– Рита, чтобы ты себя чувствовала уверенно с самого первого дня в новой обстановке, я познакомлю тебя с Галиной. То есть с Галиной Даниловной, директором. Она приедет в Тюмень на педагогическую конференцию. Я тебе говорила: она моя подруга, вы полетите в Тырныват вместе с ней.
– Ну что ж, я готова отправиться в ссылку, – объявила Рита. – На далекий Север.
– Как же, – усмехался папа, – в ссылку. С Севера на Север не посылают. Вот если бы мы тебя снарядили куда-нибудь в Крым, тогда могла бы сказать что-то похожее. А вообще-то, Ритка, разве не круто, а? Пожить в ин-тер-нате!
– Знаете, вы, оба, – сказала мама насмешливо, – Галкин интернат – одно название. Моя драгоценная и очень сообразительная Галина превратила то, что ей досталось, в образцово-показательное заведение во всей Сибири. Этот интернат – настоящий европейский пансион... – Она поморщилась, стараясь найти более точное объяснение: – Ну да, он – своего рода извинение перед малыми народами Севера, которых потеснили вы, изрывшие их землю. – Она резко повернулась к мужу. – Вы, которые...
– Стоп, стоп, – папа поднял руку. – Давай не будем углубляться, дорогая, в такие недра...
– А вы, между прочим, только тем и занимаетесь, что копаетесь в недрах земли, которая спокон веку принадлежала малым народностям и...
Рита наблюдала за родителями и думала: интересно, какой на самом деле этот интернат? Он похож на летний лагерь? Там все здорово, но ей не нравилось дежурить по комнате. Надо мыть пол под кроватями. Он крашеный, какой-то липкий, как ни старайся – остаются разводы. Воспитательница невзлюбила ее с первого дня неизвестно почему, поэтому в наказание за плохую уборку выдавала ей предписание, как она это называла: дополнительное дежурство.
До сих пор, хотя прошло четыре года, Рита помнит запах влажного пола, выкрашенного рыжей краской.
– Мама, а там полы крашеные? – вдруг спросила Рита.
Родители уставились на нее, словно она заговорила по-китайски.

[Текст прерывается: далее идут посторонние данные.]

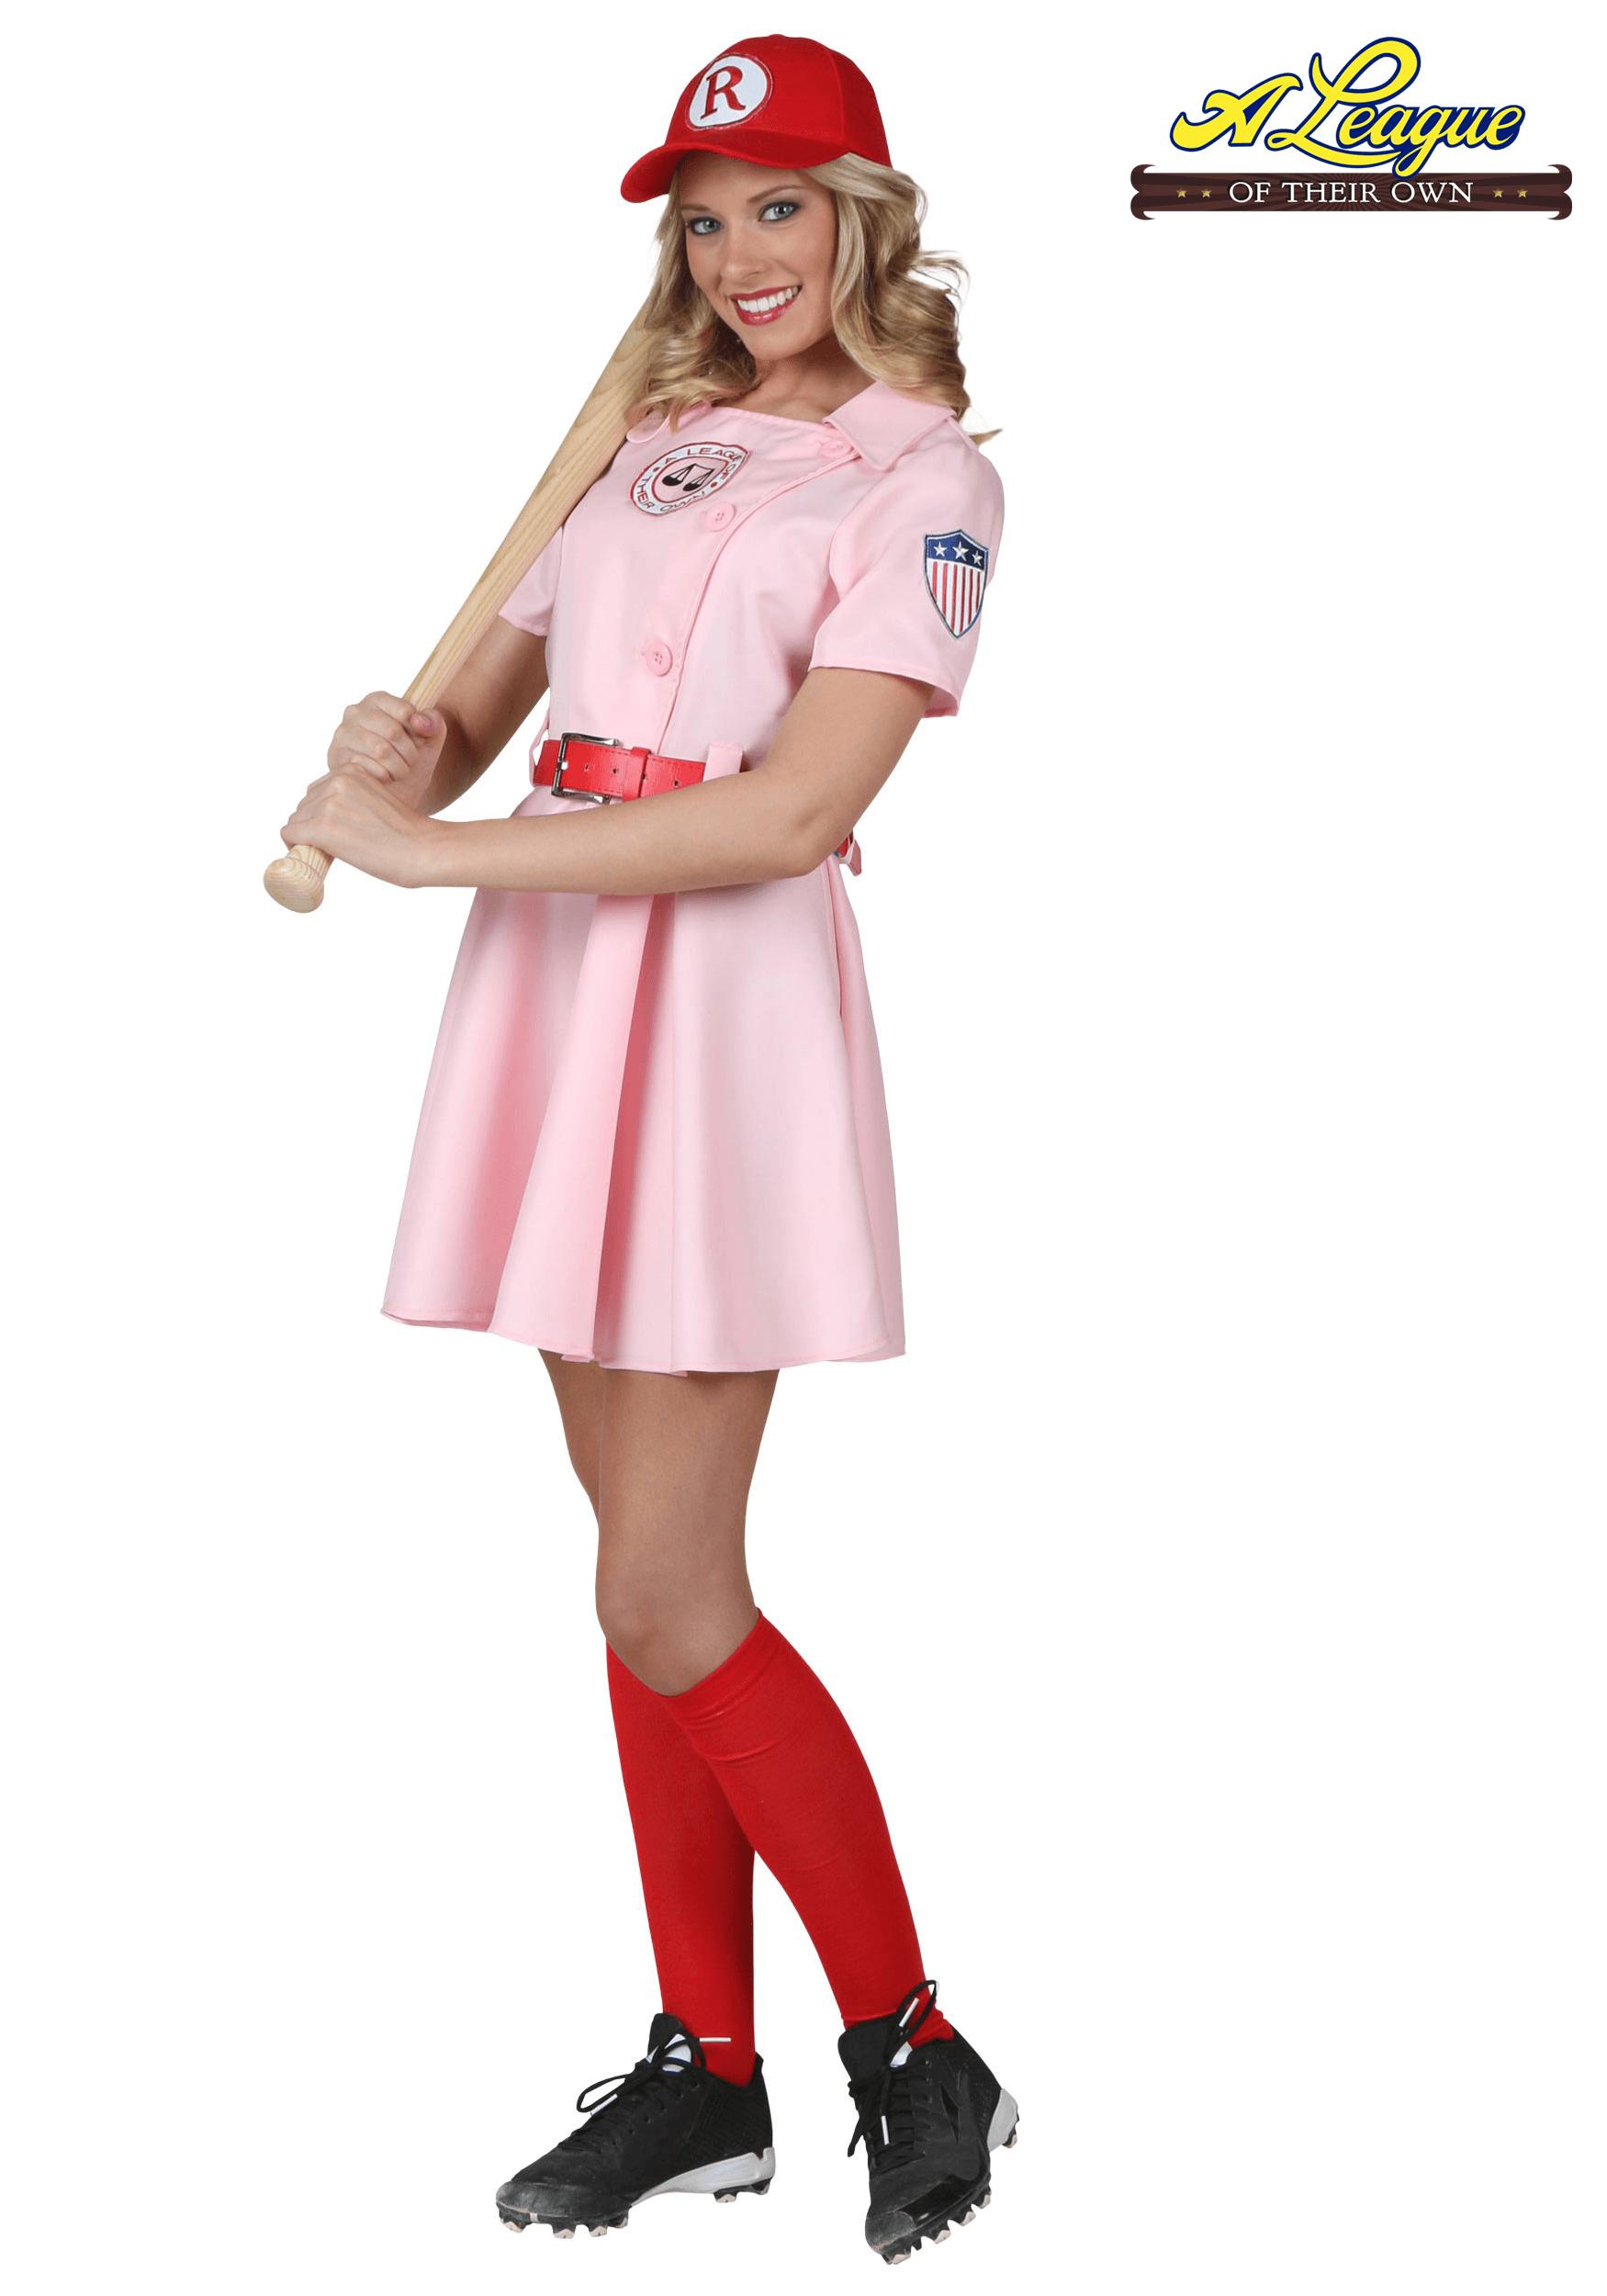 plus size league of their own dottie costume - Cheap Plus Size Halloween Costumes 4x

– А тебе не все равно? – наконец нашелся папа.
– Нет, – Рита насупилась.
– Но почему? – изумилась мама совершенно искренне.

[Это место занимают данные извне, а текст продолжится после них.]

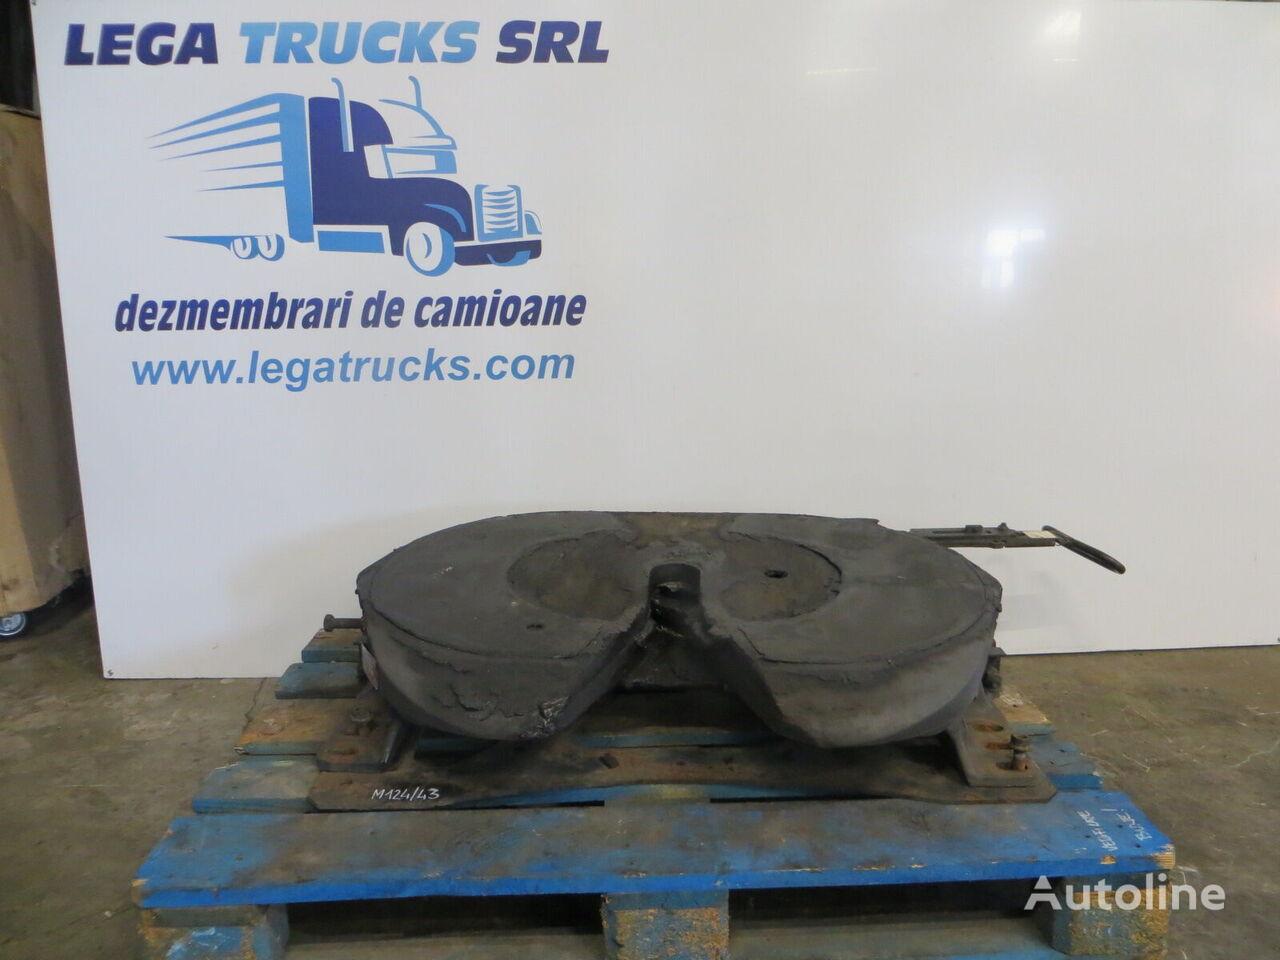 MAN (M124/43) quinta rueda para MAN TGA 430, euro 4 tractora

– Неважно. Так они крашеные или нет?
– Да, конечно, нет, – горячо воскликнула мама. – По меньшей мере, там линолеум. Но я думаю, не исключено, что даже паркет. Или ламинат. Он удобней в обращении. Галина рассказывала в прошлом году, что дожала своих спонсоров, они сделали ремонт, который не по карману никому из нас.
– Тогда я согласна, – сказала Рита.
– Значит, ничего, кроме качества тамошнего пола... гм, – папа спрятал улыбку в усы, услышав намек на двусмысленность в собственных словах, – тебя не волнует?

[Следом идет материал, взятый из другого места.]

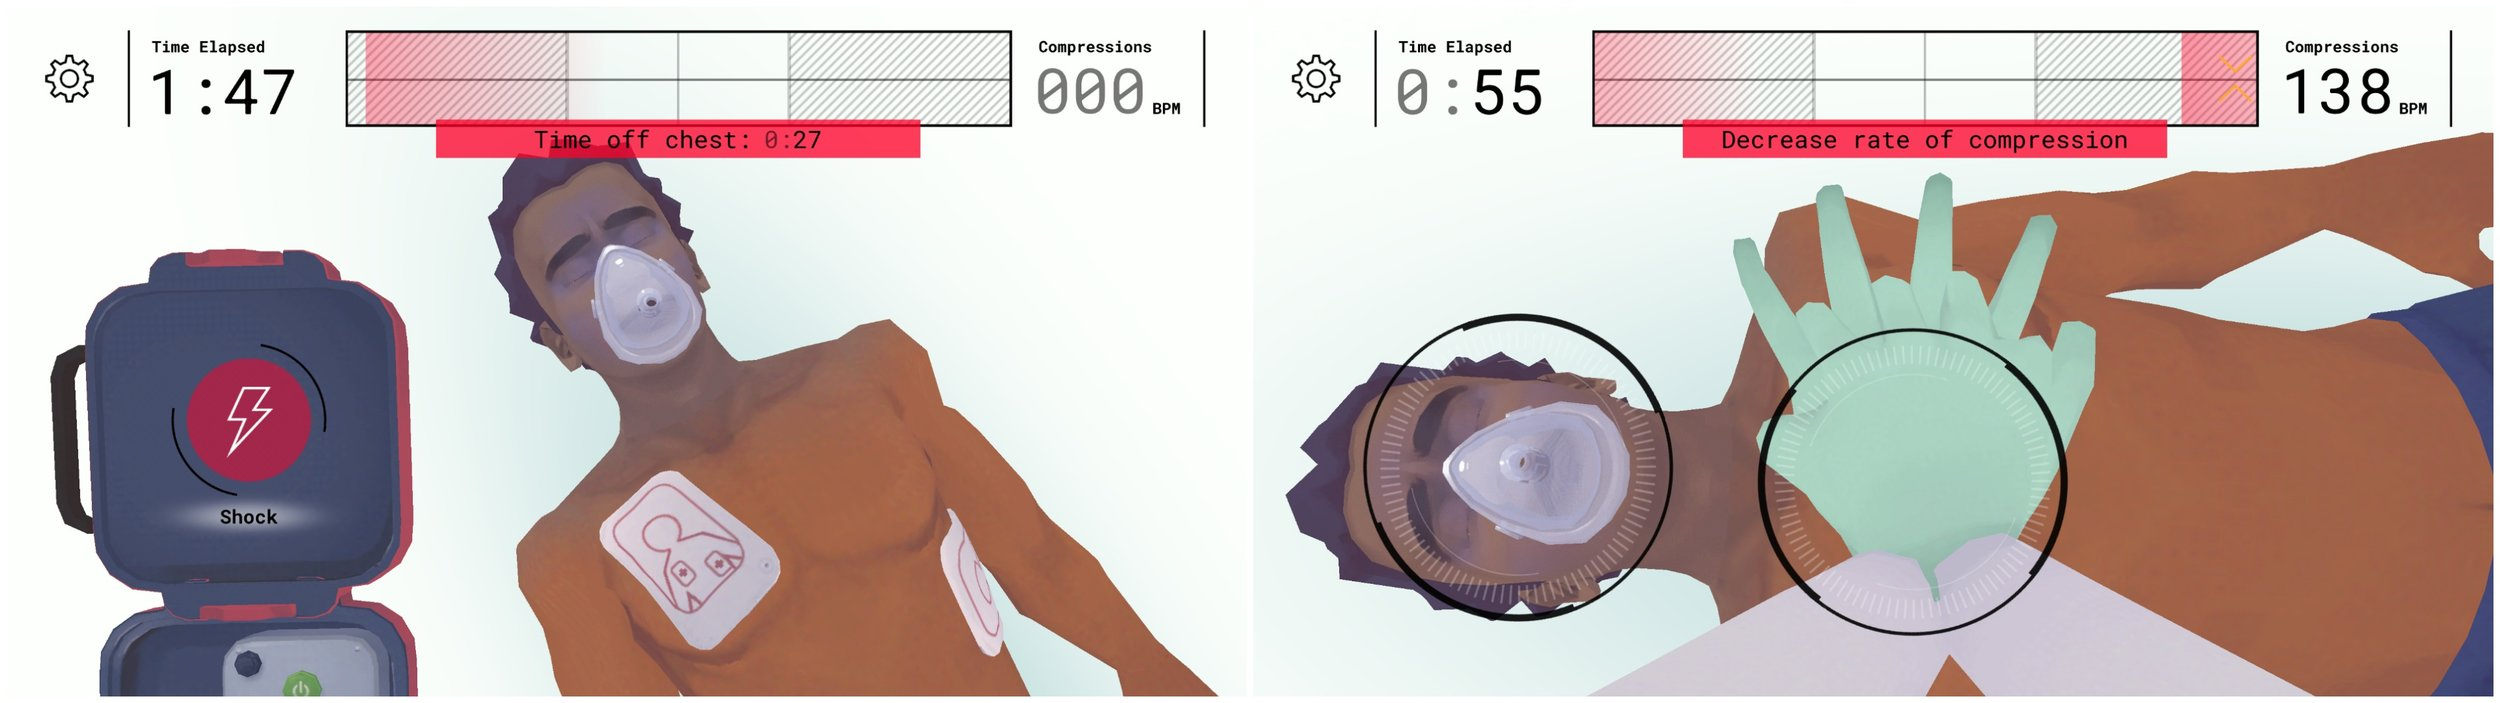 Saving Lives screenshots.jpg

– Нет, – сказала Рита. – Не волнует.
– Значит, договорились, – хором произнесли родители.
– Ага, – сказала она и пошла в свою комнату.
Теперь можно обзвонить всех приятелей и сообщить, что в девятом классе она будет учиться в другой школе. Так куда она улетает в конце лета? В ссылку? В эмиграцию?
Или она улетает... Нет, про "или" она никому не скажет...
Глава 4. Полет навстречу любви
Если бы не "блинное дело", иногда с тоской думала Рита, может быть, ее все-таки оставили бы с бабушкой. Так поступили родители подруги Насти. С тех пор, как они уехали, школьная микротусовка не толклась на лестнице во втором подъезде между третьим и четвертым этажом. Бабушка пускала их домой спокойно, даже угощала компотом из ранеток, крошечных яблок. Но после того, что в семье Масловых назвали "блинным делом", надежды не осталось.
Вообще-то Рита любила неожиданные перемены в жизни. Даже совсем маленькая, она требовала, чтобы ее водили в детский сад разными дорогами.
– Весь город мой, – заявляла Рита. – Почему я хожу только по одной улице?
– В отца, – качала головой бабушка. – Геологом станет.
– Вот уж кого не вгонят в стресс никакие переезды, – говорил папа. – Между прочим, люди с таким характером, как у нас с Ритой, легко приживаются в новых местах. И даже, – он подумал секунду, потом добавил: – В разных странах. Наш тип характера хорош для эмиграции.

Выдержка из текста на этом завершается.